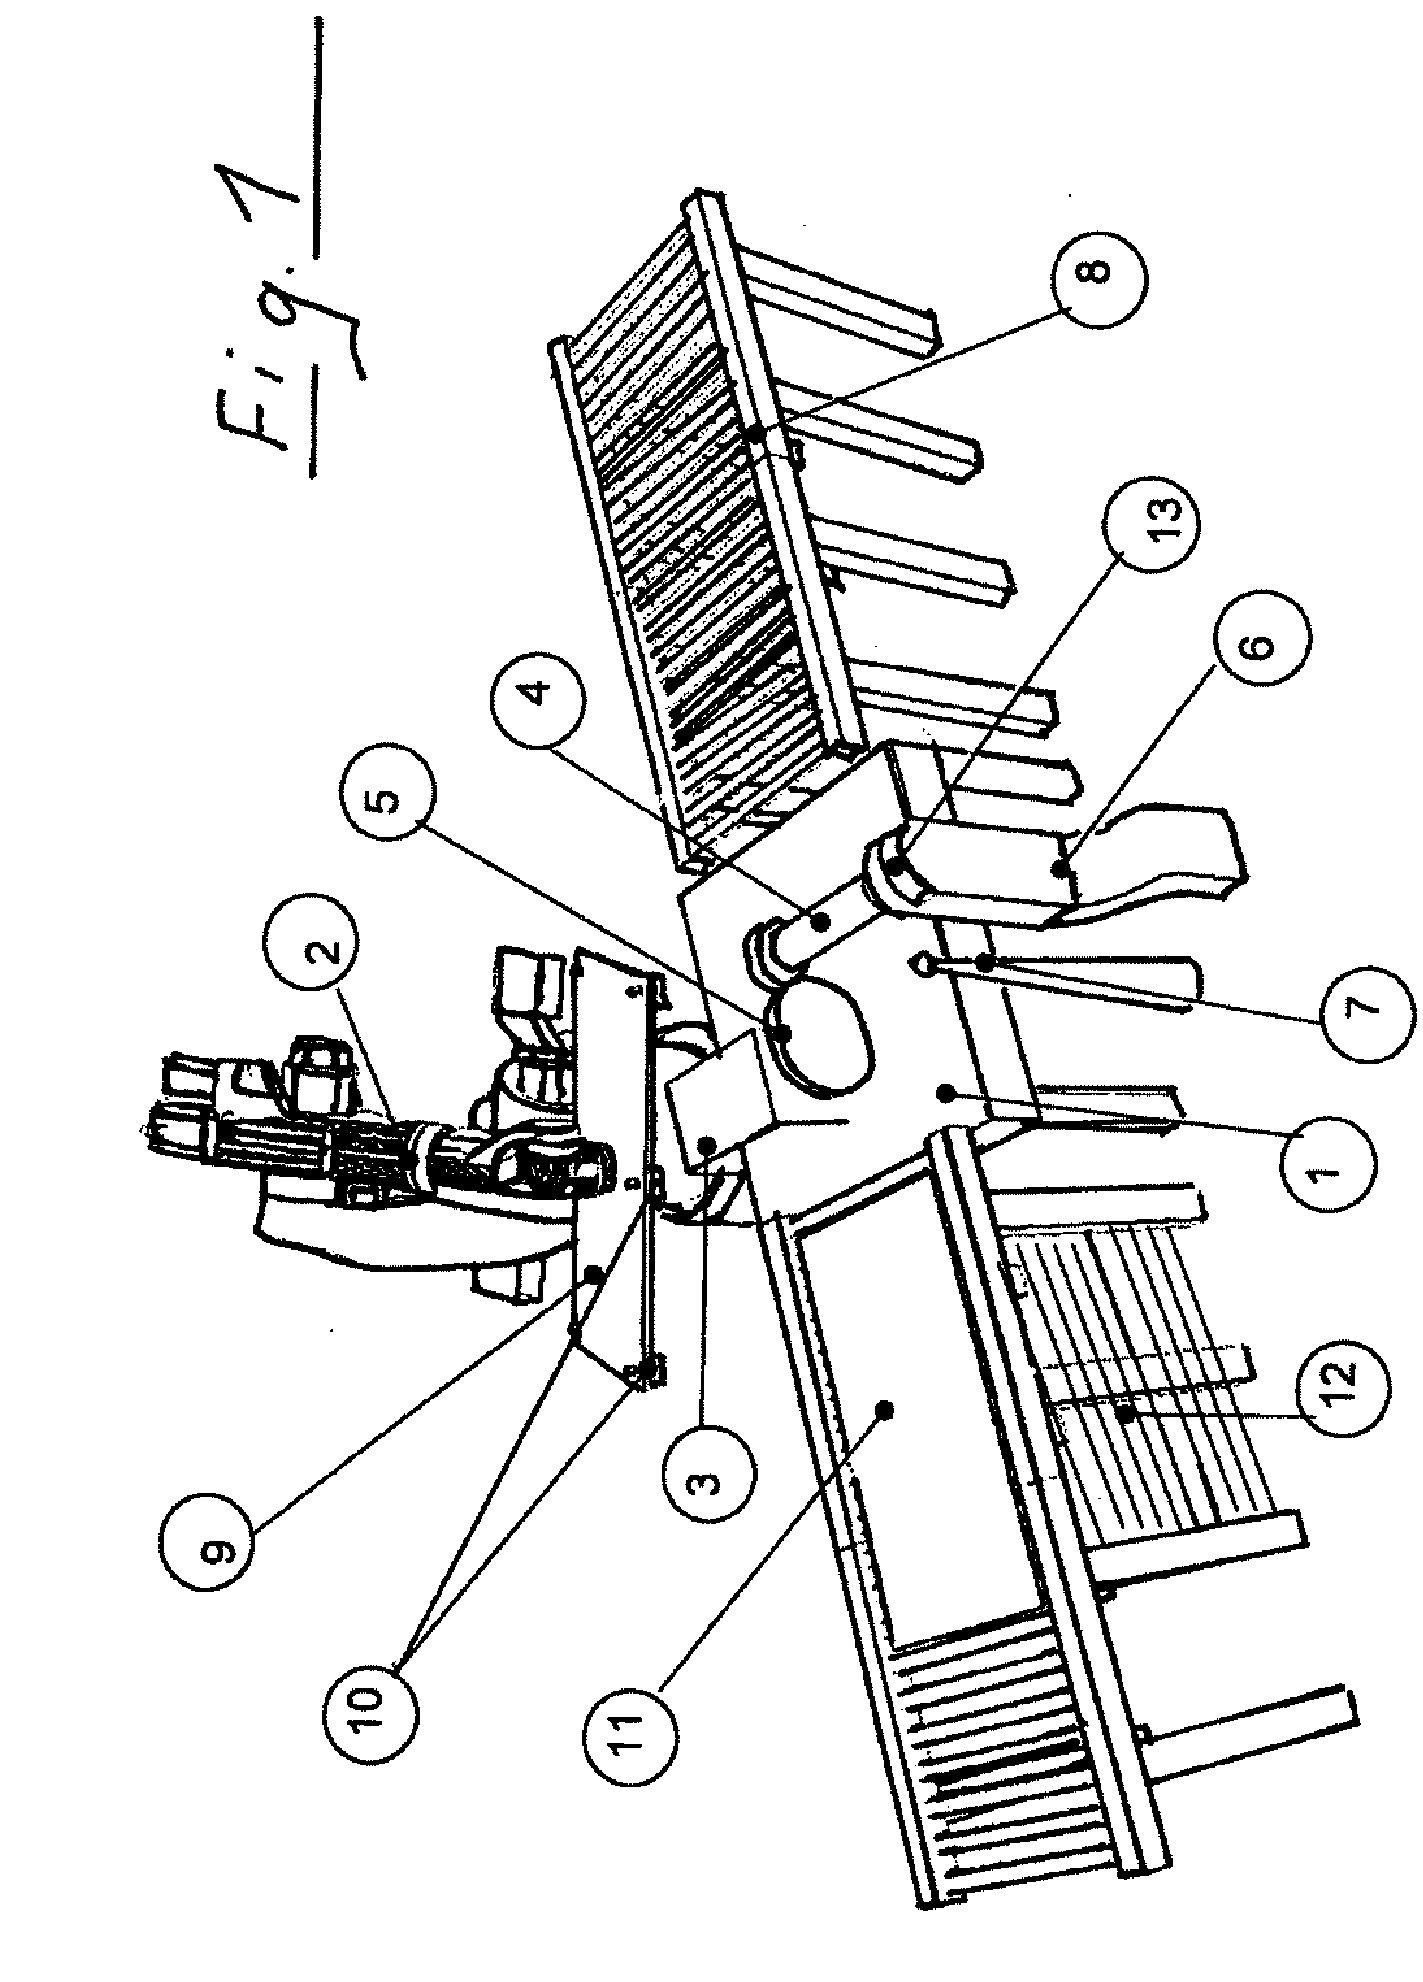 Process and Apparatus for Automatically Grinding Edges of Glass Sheets Under Clean Room Conditions
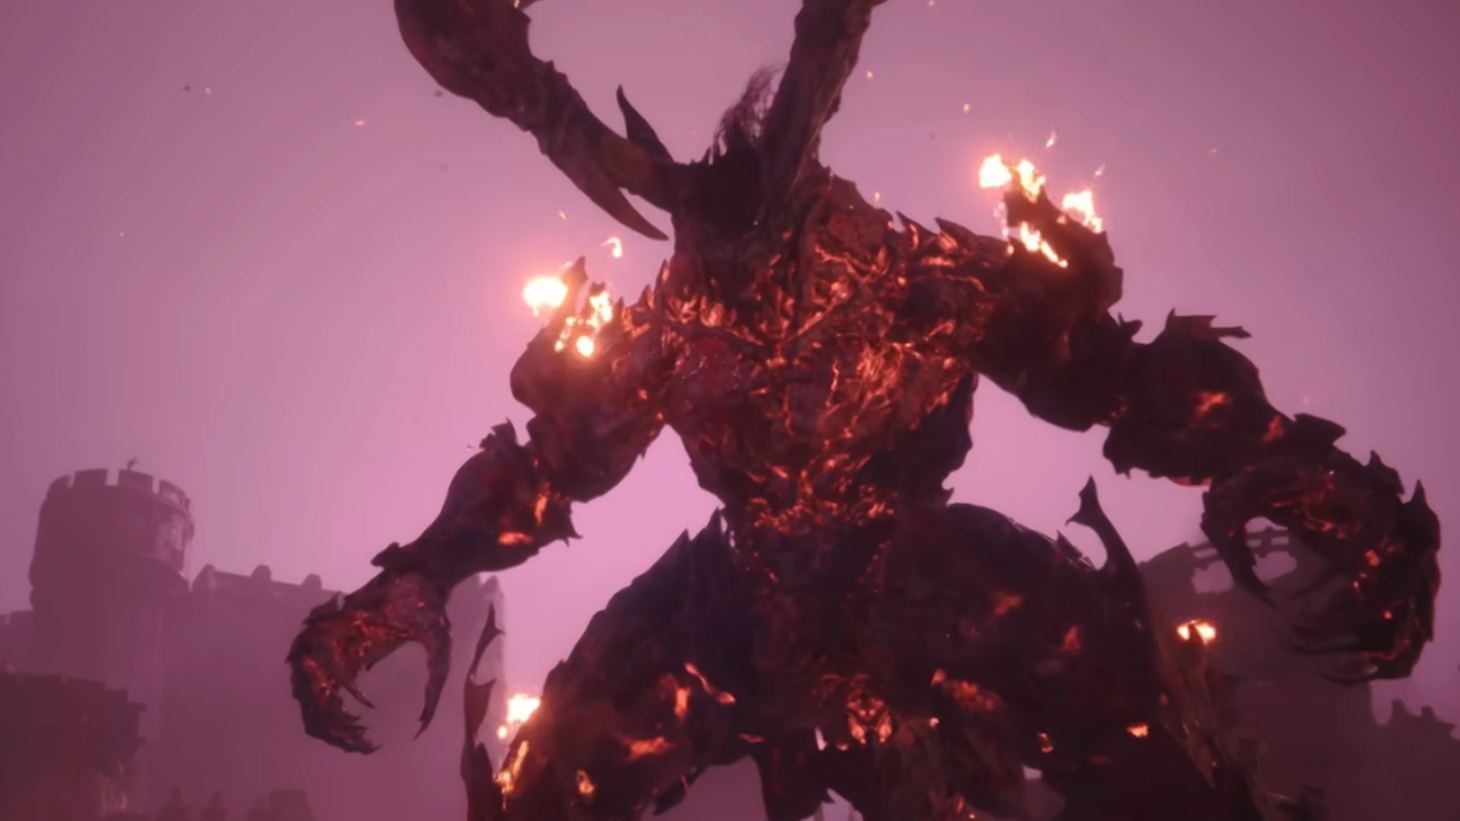 Final Fantasy 16 Eikons: Ifrit can be seen
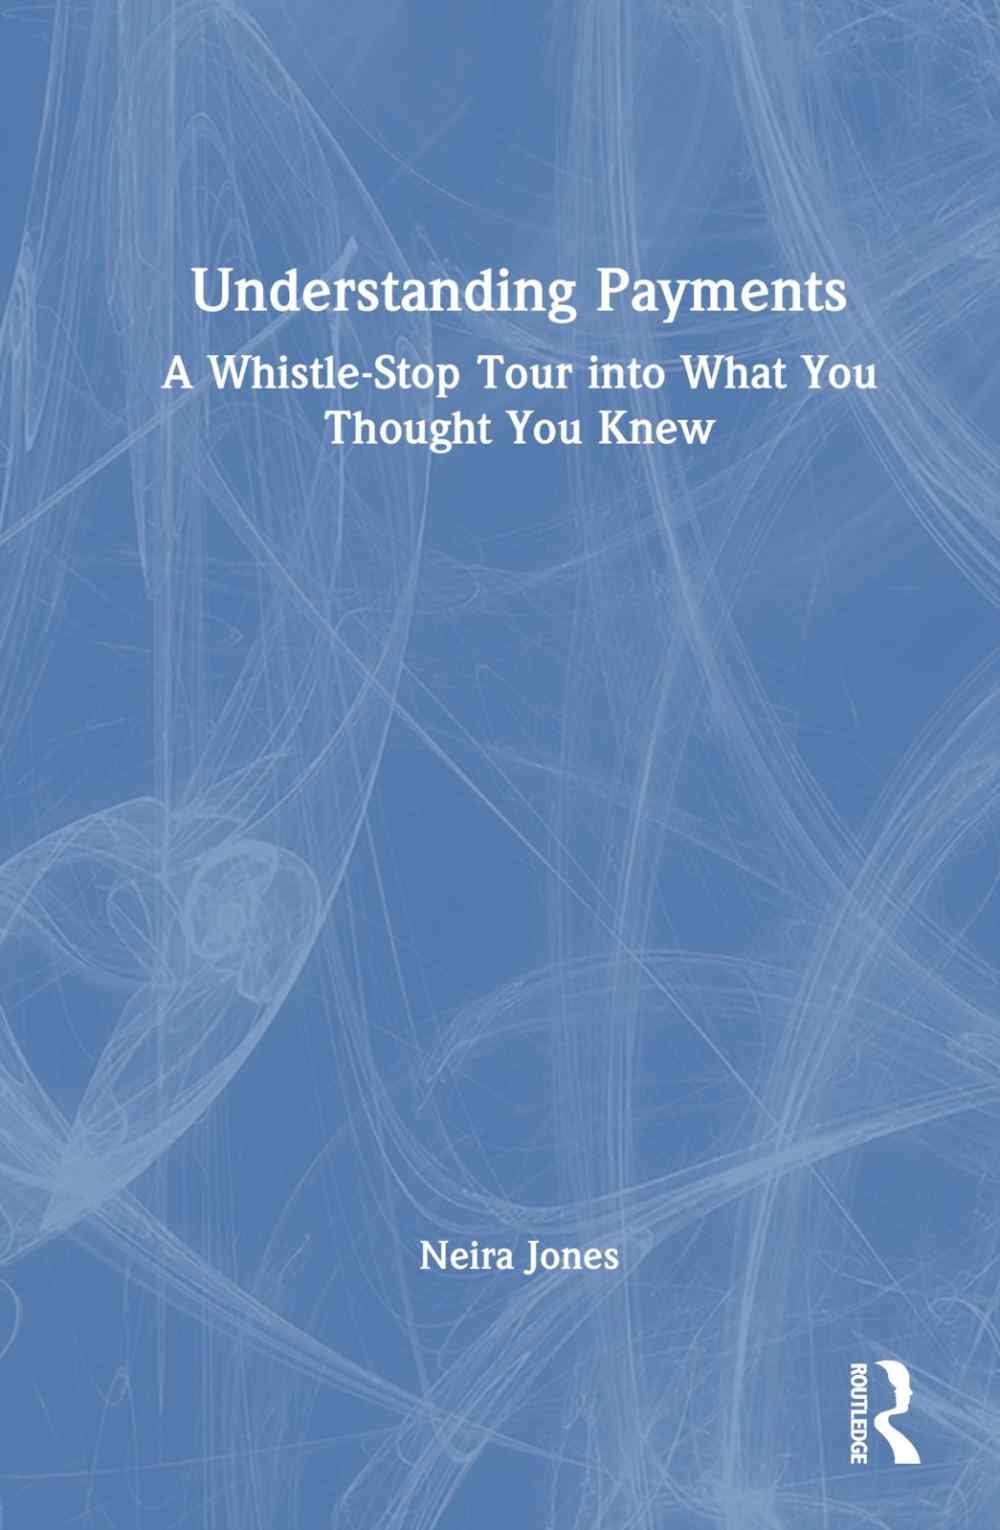 Understanding Payments: A Whistle-Stop Tour Into What You Thought You Knew

• _GOAL OF THE EXERCISE_
Write the material above out again exactly as it reads, but don't carry over the pictures.

• _REPLY_
 Process and Apparatus for Automatically Grinding Edges of Glass Sheets Under Clean Room Conditions
 Final Fantasy 16 Eikons: Ifrit can be seen
 Understanding Payments: A Whistle-Stop Tour Into What You Thought You Knew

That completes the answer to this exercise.